- [What you should do] Reproduce the listing exactly and skip over any pictures.

- [Collected material]

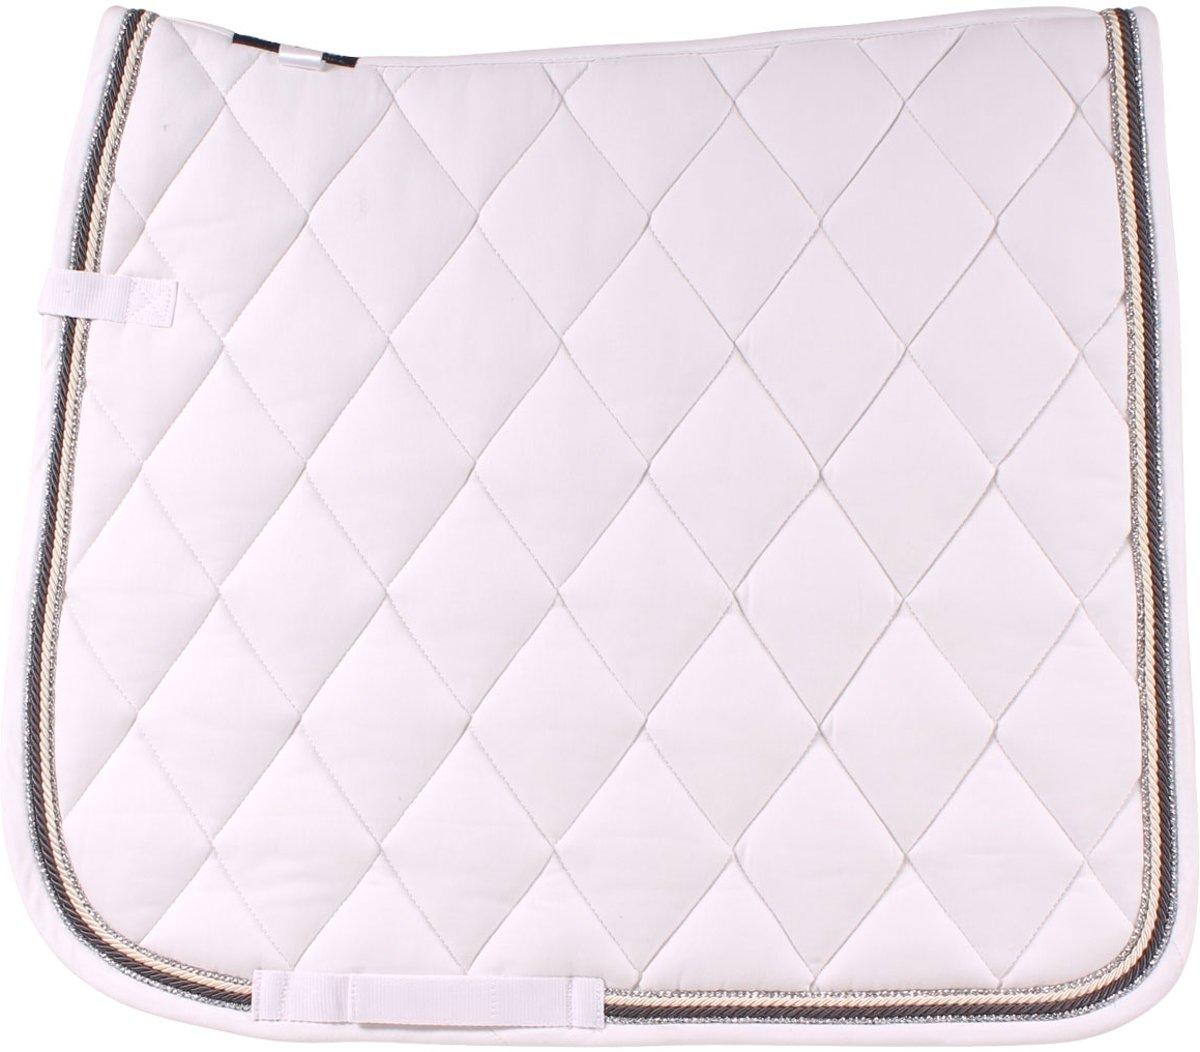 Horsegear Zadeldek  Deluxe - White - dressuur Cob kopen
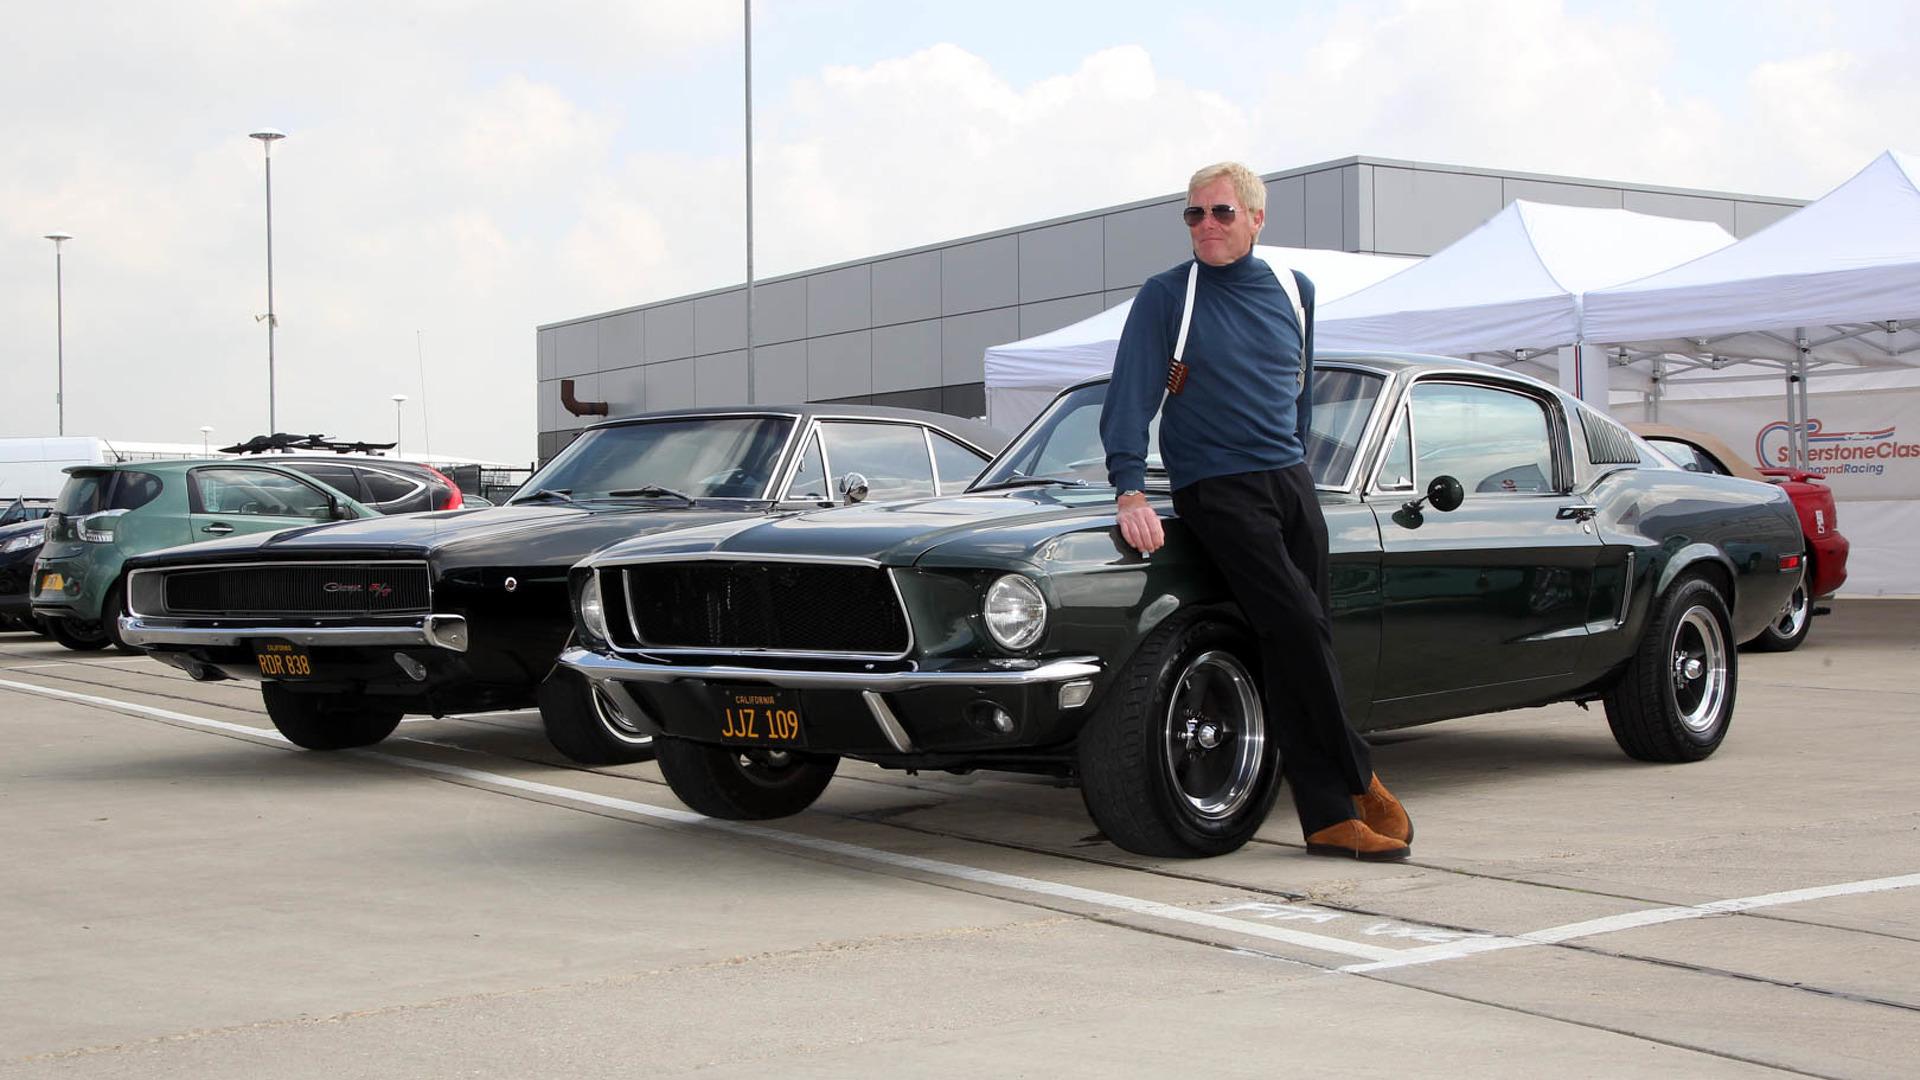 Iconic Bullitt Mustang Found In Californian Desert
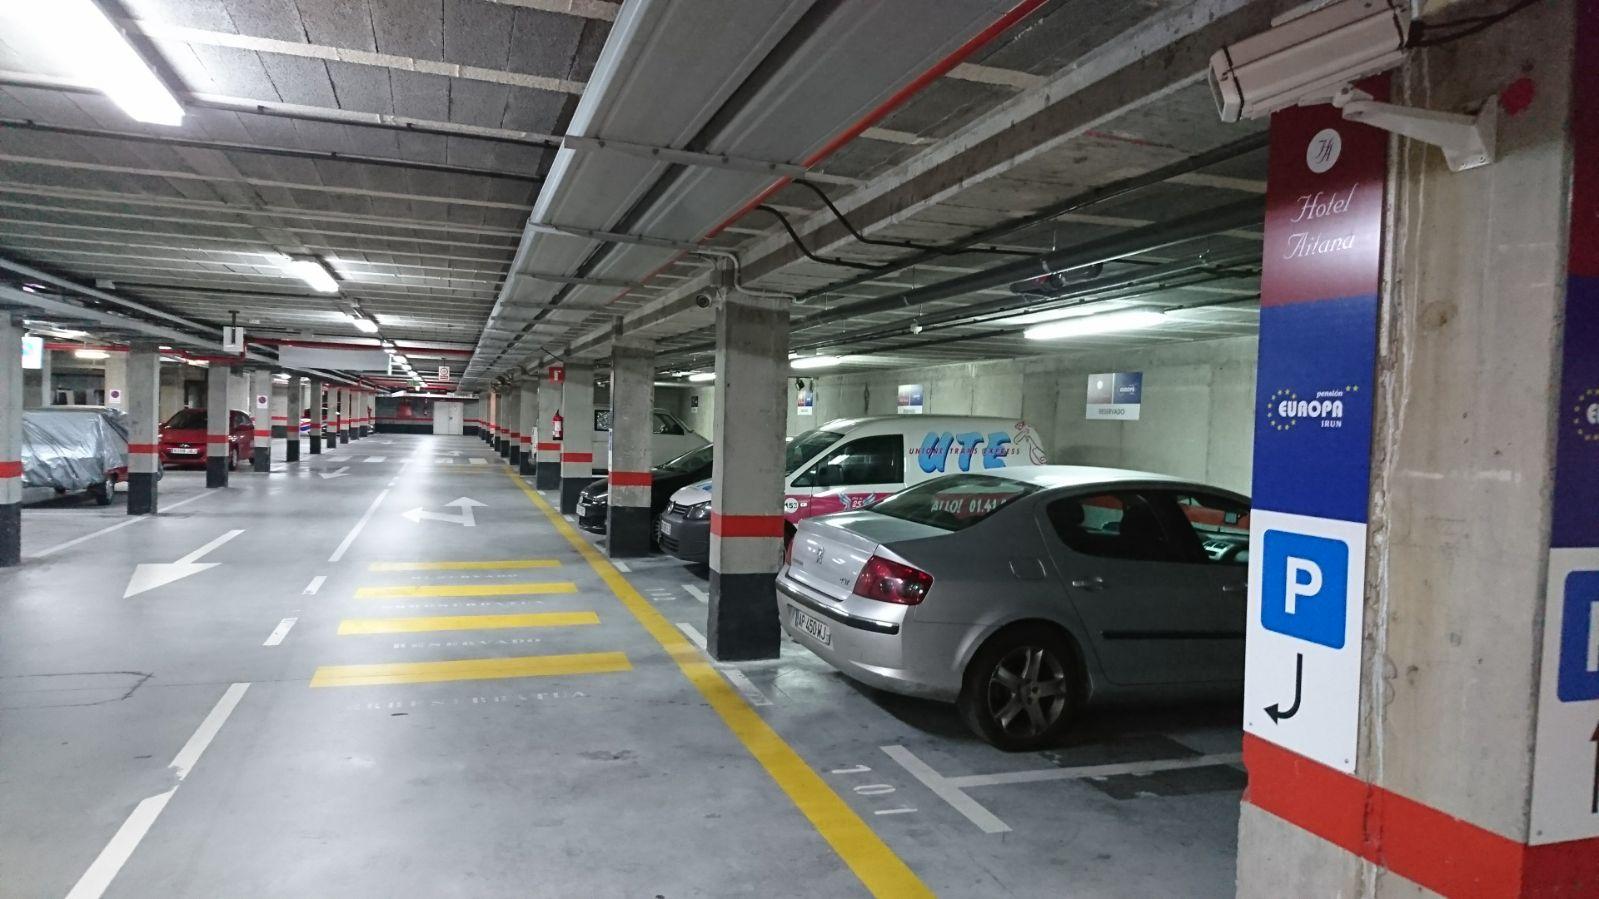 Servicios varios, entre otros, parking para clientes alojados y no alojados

- [Answer section]
 Horsegear Zadeldek  Deluxe - White - dressuur Cob kopen
 Iconic Bullitt Mustang Found In Californian Desert
 Servicios varios, entre otros, parking para clientes alojados y no alojados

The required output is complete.